设计推特搜索系统

难度: medium

推特是一个社交网络平台，用户可以在上面交换基于文本的消息、新闻、照片等。设计一个服务，能够存储并高效检索用户的推文。

Solution

System requirements

Functional:

User can tweet
Search tweets by text. Search term can be one word, or multiple words. Multiple words would be considered with "and".
User can follow other users. Search result should prioritize tweets from the users being followed.

For now, I will ignore other features like follows, comments. I'll come back to it if I have time.

Non-Functional:

Availability - It is a global service and should always be available.
Response time - Each search should return results in 500ms.
Scalability - It's a massive service. Let's assume 500M DAU and 250M searches submitted every day.
Fault-tolerance - In a distributed system, many things will fail, e.g., storage for search index may fail, network may experience errors. Tweets must not be lost so should be backed up safely. Search index can be re-generated, but with great cost, so this should be backed up too.
Privacy - Who is searching what search terms should not be revealed.
Consistency - I think it is acceptable to relax consistency requirement compared to ACID properties. For example, a user who is in the other side of the globe from the author of a tweet may not see this tweet in search for minutes. That is acceptable.

Edge case to consider:

A famous person tweets. We'd like to make sure this tweet shows up in everyone's search after a short amount of time.

Capacity estimation

500M DAU

250M searches daily

At peak, 50M search requests / s

1B tweets per day

Each tweet takes 1KB of storage, including content and metadata.

1TB data / day

0.7PB in 2 years. With user growth and some excess capacity, we should plan for 1PB in 2 years.

The main thing we need to worry about storing is tweets. Due to the size of the data (1PB in 2 years), I think a NoSQL DB is more suitable than Relational DB to store the tweets. NoSQL DBs scale better horizontally. RDB has an advantage of NoSQL for strong consistency (e.g. ACID properties), but this is not necessary for this application.

Among NoSQL DBs, wide column DB such as Cassandra seems to be a good fit. It is horizontally scalable. It is optimized for write throughput. With 1B tweets a day, this system requires high write throughput.

Argument for a document DBs like Mongo DB would be its schema flexibility and secondary index, which would make future application enhancements easier. But I lean toward wide column DB because write throughput requirement is so high. In real world, I would probably run experiments and compare the write throughput.

Assuming search index is 50% of original data, it would be 500TB in 2 years. Search services such as Elastic Search and Solr store inverse index in its own data storage system. I would use that mechanism, instead of external DBs, to store index.

Both original tweets and search index must be partitioned and backed up.
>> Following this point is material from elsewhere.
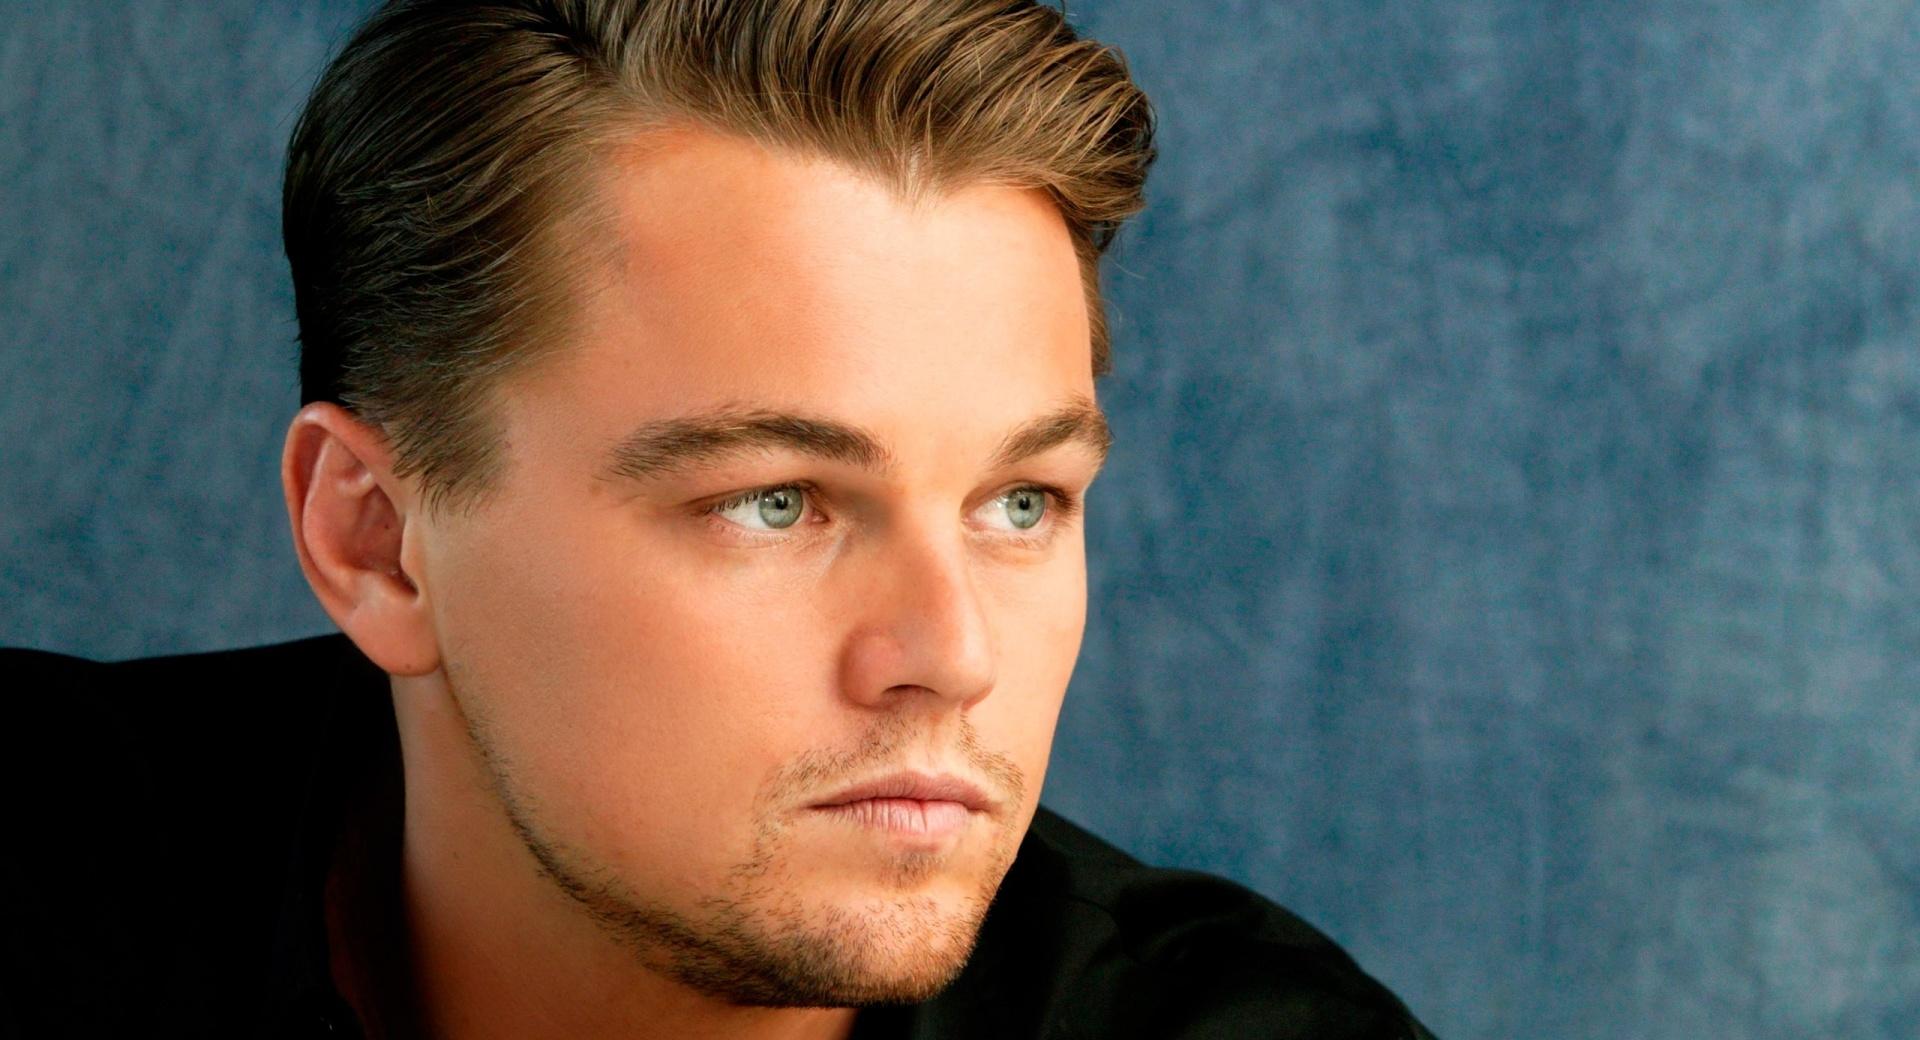 Leonardo DiCaprio Portrait at 1280 x 960 size wallpapers HD quality

Primary thoughts would be:

Geo located CDNs and data centers should be used to provide short response time for users.
Geo location should be used to guide which data should be stored where.
Generally speaking, data should have two backup copies: one in the same data center, another in a different geographic region.

API design

tweet(user_ID, text)

Application calls this when a user tweets.
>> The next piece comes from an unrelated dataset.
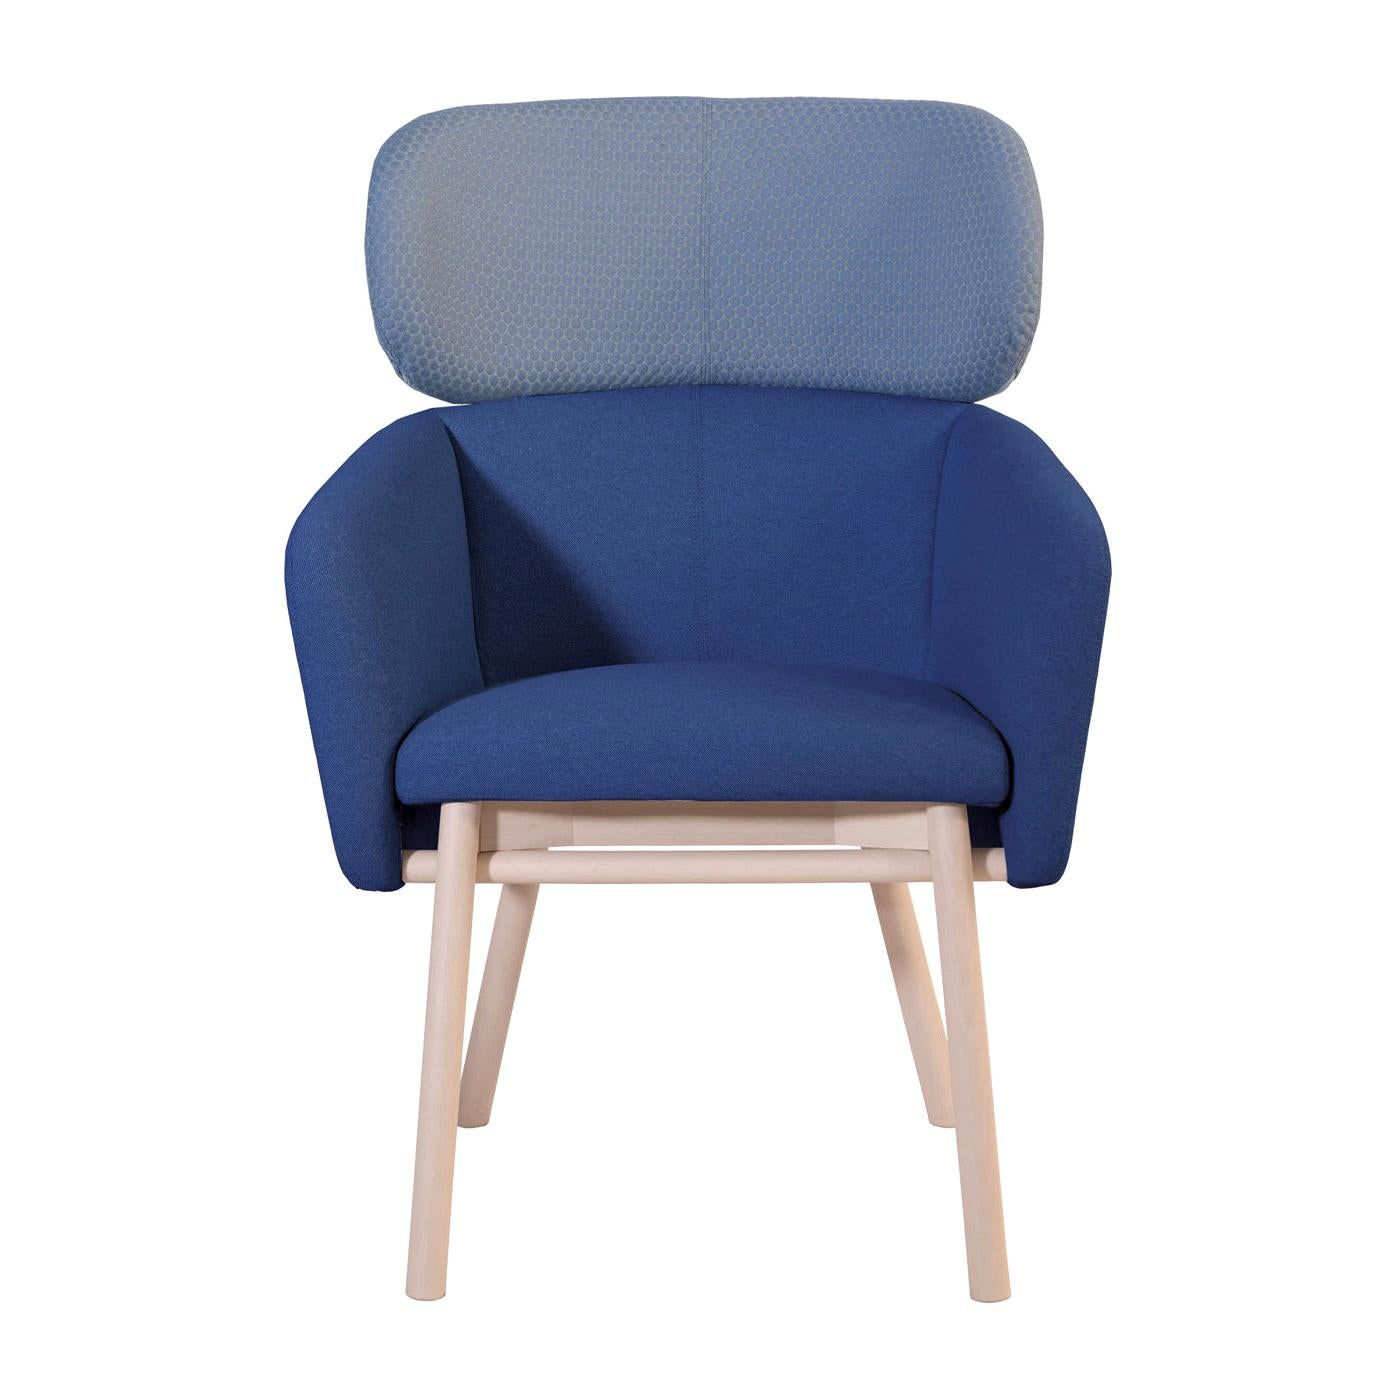 Balù Extra Large Blue and Lightblue Chair by Emilio Nanni

follow(follower_ID, followed_user_ID)

User (with follower_ID) follows another user (floowed_user_ID). I think it is OK for this API to take only one user, as I think it's rare for a user to want to follow many users at the same time.

search(user_ID, term, start, number, criteria)

User searches for the search term in "term". The term can be single word or multi words. In case of multi words, it would be considered with "and" logic.

In addition to term, this API can specifies start and the number of tweets to be returned. For example, even if search can ultimately return 1,000 tweets, application might just want first ten, or the next ten, to show the first ten tweets quickly.

This API can also take search criteria, e.g., prioritizing users the user is following, prioritizing tweets from popular people, or new tweets, and so on.

Database design

Both original tweets and search index must be partitioned and backed up. Primary thoughts would be:

Geo located CDNs and data centers should be used to provide short response time for users.
Geo location should be used to guide which data should be stored where.
Generally speaking, data should have two backup copies: one in the same data center, another in a different geographic region.

Primary data model is Tweets:

Tweet:

tweet_ID (primary key)
user_ID (reference to user who write this tweet)
content (text content of the tweet)
timestamp (when was it tweeted)
geo location
language
users_mentioned (users mentioned in this tweet)
hashtags (hash tags mentioned in this tweet)
media links (links to images and videos)

Some of the information, e.g., geo location and language, are helpful to decide where it should be stored. For example, a tweet in Japanese language made in Japan should be stored primarily in Japan (with backup in other places).

Partitioning (aka sharding) would be critical because we store a massive number of tweets, and the number will keep growing.

I think important candidates for partitioning keys are tweet ID, user ID, and geo location.

I lean toward using user ID and geo location as a composite partitioning key because:

I think a lot of searches would involve a user, e.g., what this celebrity tweeted recently. As such, it would be beneficial if tweets from the same user stay close, e.g. one DB node, or DB nodes in one data center.
Geo location would be important in keeping the data close to the clients. For example, users in a certain country would have a strong tendency to want to view tweets by other users in the same country.
Using tweet_ID (or a hash of tweet_ID) as s primary key has the benefit of more even distribution. In contrast, (user_ID, geo location) has a challenge because some users tweet a lot more than other users.
To counter this challenge, dynamic partitioning can be used. Basically, if one partition has too much data in it, it can be split and be distributed across DB nodes. I believe Cassandra supports this feature with consistent hashing.
Another challenge of user_ID based partitioning is some users would become a hot key (accessed a lot). It is important that frequently viewed tweets from popular users would stay in Cache, so that the DB node does not have to be accessed excessively. Cache (e.g. Redis Cache) with LRU eviction policy can achieve this.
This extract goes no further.